This year is the 20th Anniversary of Peace Chanukah in Taos, an interfaith celebration of the “miracle of light,” during the Selucid era when the Maccabees overcame the Greco-Syrian invaders of Jerusalem.

Everyone is welcome to attend this event, as it is about the entire community, not just for Jews.  In fact, it’s important to note, Chanukah is not a religious holiday. In 168 B.C. the Greco-Syrian conquerors outlawed Jewish practices and forced Jews to adopt pagan rituals and assimilate into the greater Greek culture.

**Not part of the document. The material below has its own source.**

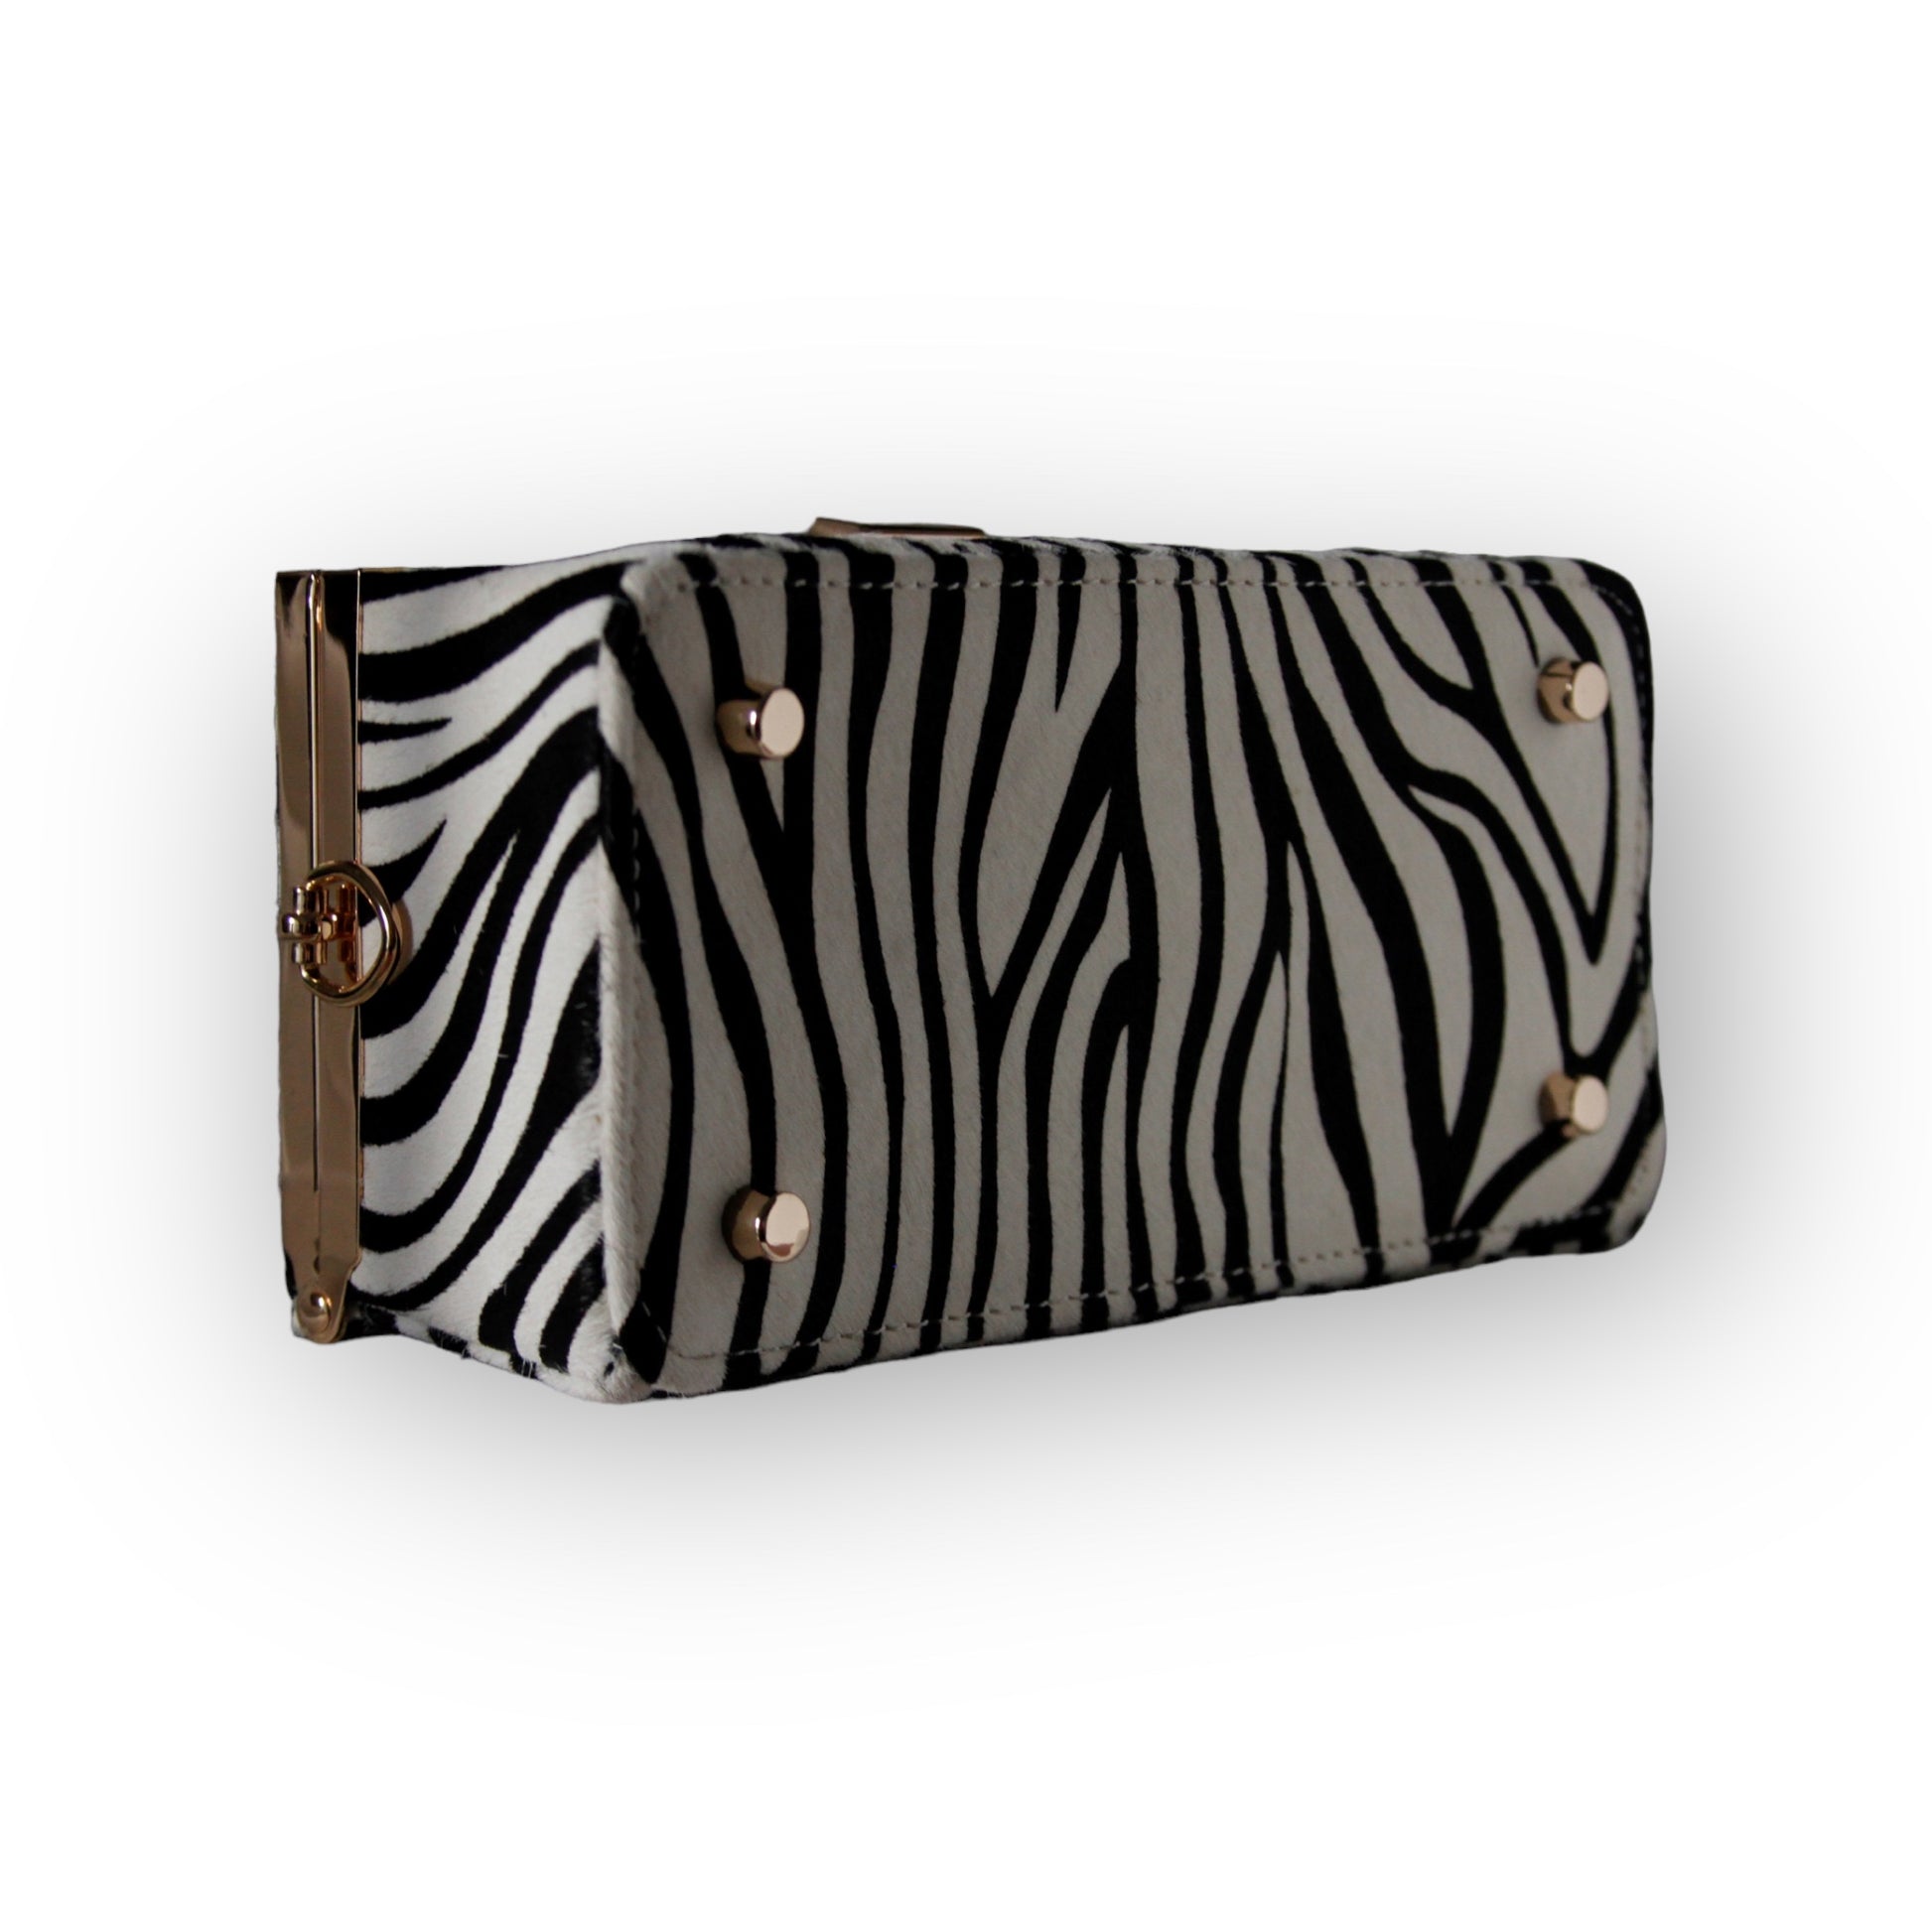 Red Leather Leopard Print Bag - Chloe - On Sale – Sassy Spirit

The Maccabees, a rag tag army of Jewish warriors,  revolted against this persecution, and recaptured Jerusalem, removing the symbols of pagan worship that Antiochus had installed in the temple, dedicating it to the God of Israel.  Hanukkah, meaning “dedication,” marked this military victory with a celebration that lasted eight days, inspired by the oil left in the temple by the Hellenists; enough to last just one night, kept lamps lit for eight. Hence the “miracle” of light.

Peace Chanukah is a free event, but as it remains virtual right now, registration is required at the website of the Taos Jewish Center, to receive a link to the event.  

Interfaith cooperation and coordination is at the core of Peace Chanukah. 

We reached out to Bette Myerson for information on this year’s special event.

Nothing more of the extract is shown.